Numa dos fragmentos de Império Caboclo, Schüler apresenta os dilemas do compilador, aquele que é responsável pela organização do arquivo, da coleção, chamando a atenção para a lógica teatral e cinematográfica da montagem:

- Você já notou que no seu quebra-cabeça há peças que não se ajustam? Você não violenta os fatos? A visão teatral ou cinematográfica é sua. Os fatos não são teatrais nem cinematográficos nem romanescos. Seu erro está aí. Os fatos não se ajustam a seu esquema.
- E os fatos o que são?
- Ora, os fatos são os fatos (SCHÜLER, 2005).

Nesse sentido, o romance se aproxima não só de uma montagem cinematográfica como a de História do Cinema, de Godard, mas também de livros-montagem como Guerra camponesa no Contestado, de Jean-Claude Bernardet, e O mez da grippe, de Valêncio Xavier. Marilene Weinhardt lembra que tanto Bernardet quanto Valêncio Xavier estão ligados à prática cinematográfica. Em ambos, o princípio da montagem é explorado com presteza e a narrativa é composta por um conjunto de reportagens, depoimentos, cacos da história que desconstroem a linearidade tradicional, bem como o discurso unívoco: “Contemporaneamente, quando o narrador se disfarça atrás de recortes e colagens, não busca a objetividade, mas pluralidade. Ele não aparece, mas existe, está sempre lá, em cada escolha, espiando pelas fendas entre os fragmentos (WEINHARDT, 2000). 

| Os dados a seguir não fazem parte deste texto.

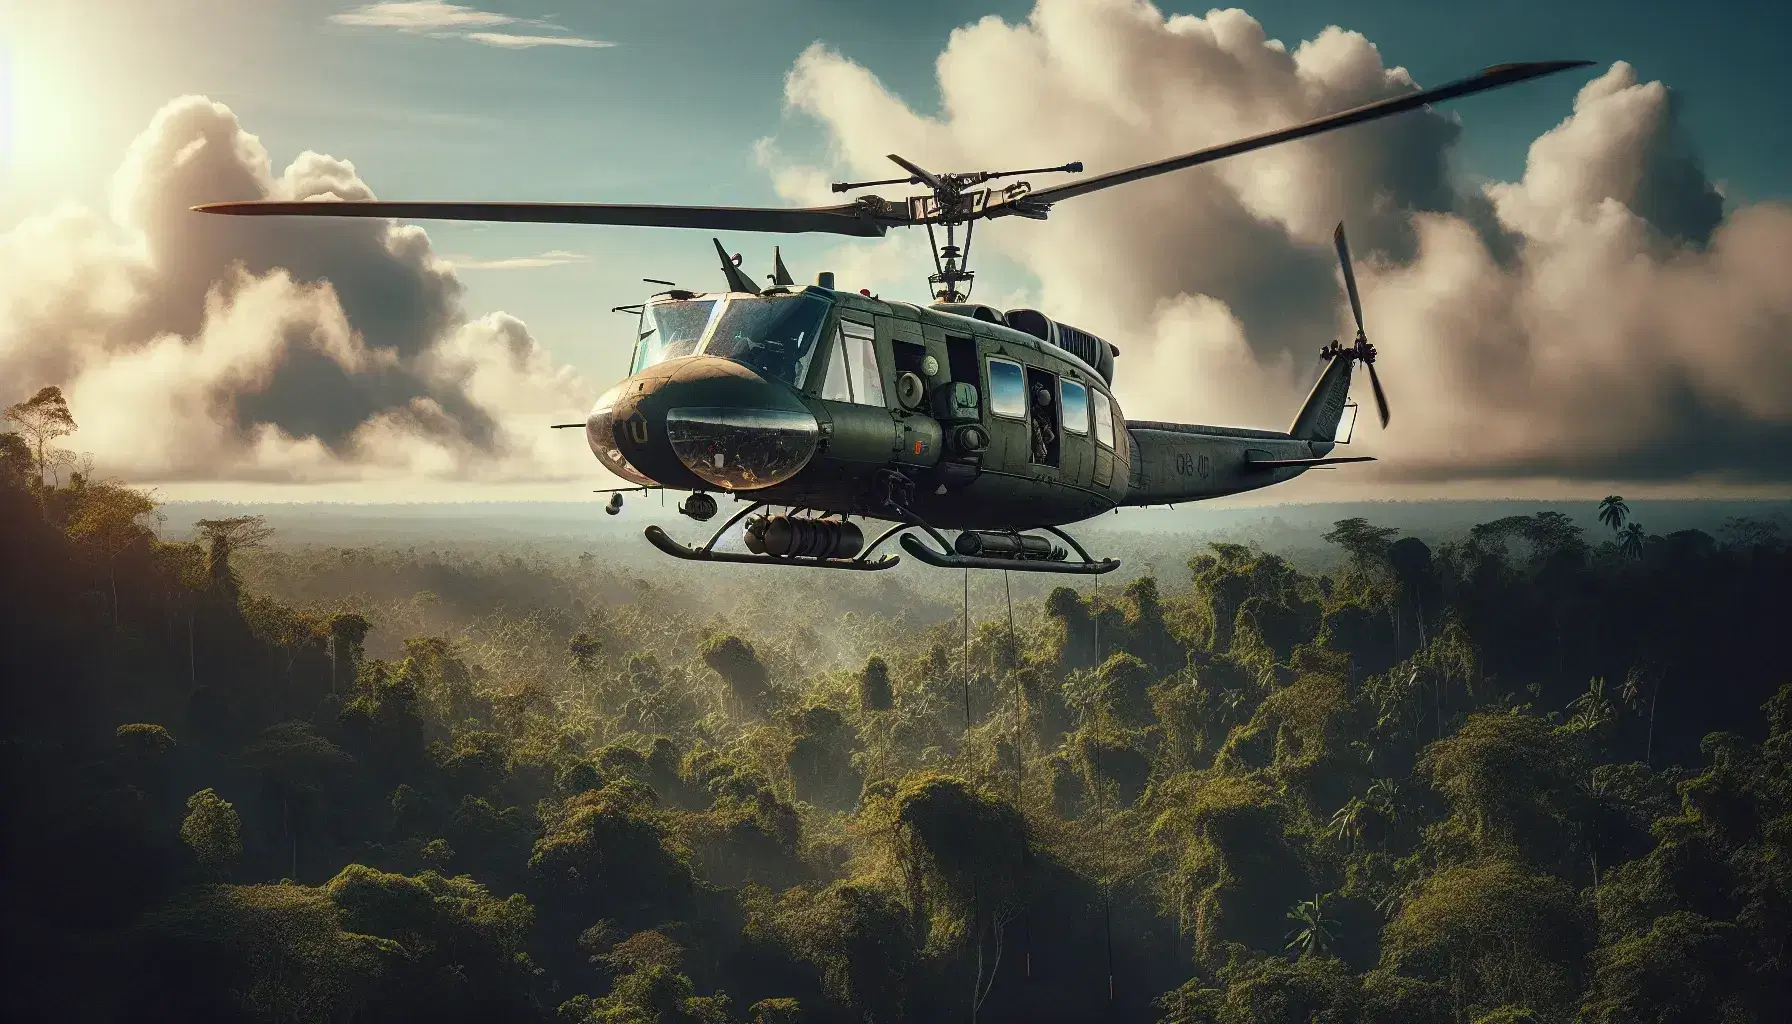 Helicóptero militar de color verde oliva con dos rotores sobrevuela selva tropical en un día soleado con cielo azul y nubes dispersas.

Os discursos contraditórios vão aparecendo a todo o momento no mosaico de Schüler. É o que pode ser percebido em duas passagens do livro. A primeira se refere à carta que um imigrante alemão que vivia na região do Contestado endereça a sua filha. O documento reproduz o discurso cientificista do final do século XIX, que perdurou na época do conflito:

O que me preocupa és tu, minha filha, o sangue que deverás conservar puro. Sangue, uma vez maculado, não se purifica nunca mais. A macha fica. (...) O caboclo é uma raça degenerada e doente, irrecuperavelmente doente. Há doenças que só se extirpam com o aniquilamento dos doentes. Vê a preguiça. A preguiça é a doença da raça inferior (SCHÜLER, 2005).

O segundo fragmento questiona a polarização do binômio civilização-barbárie, desconstruindo o discurso tradicional:

Não caia no equívoco de enquadrar o Império Caboclo na surrada antinomia civilização-barbárie. Se você quiser aplicá-la ao século XIX, vá lá. Mas tome cuidado. Se funcionou em José de Alencar, em Machado de Assis não funciona mais. (...) Bárbaro o caboclo não é. Quero acompanhá-lo em todas as suas contradições (SCHÜLER, 2005).

Os dois momentos, o tradicional e o crítico, se chocam, produzindo aquela flutuação de ideologias a que se refere Marilene Weinhardt. Em meio à narrativa de Donaldo, a montagem vai criando um estranhamento, desautomatizando, assim, a nossa percepção dos próprios fatos narrados. Entre o duelo de caboclos e militares, encontramos propagandas da época, documentos militares ou notas jornalísticas. No entanto, Donaldo não pretende fazer historiografia, mas sim literatura.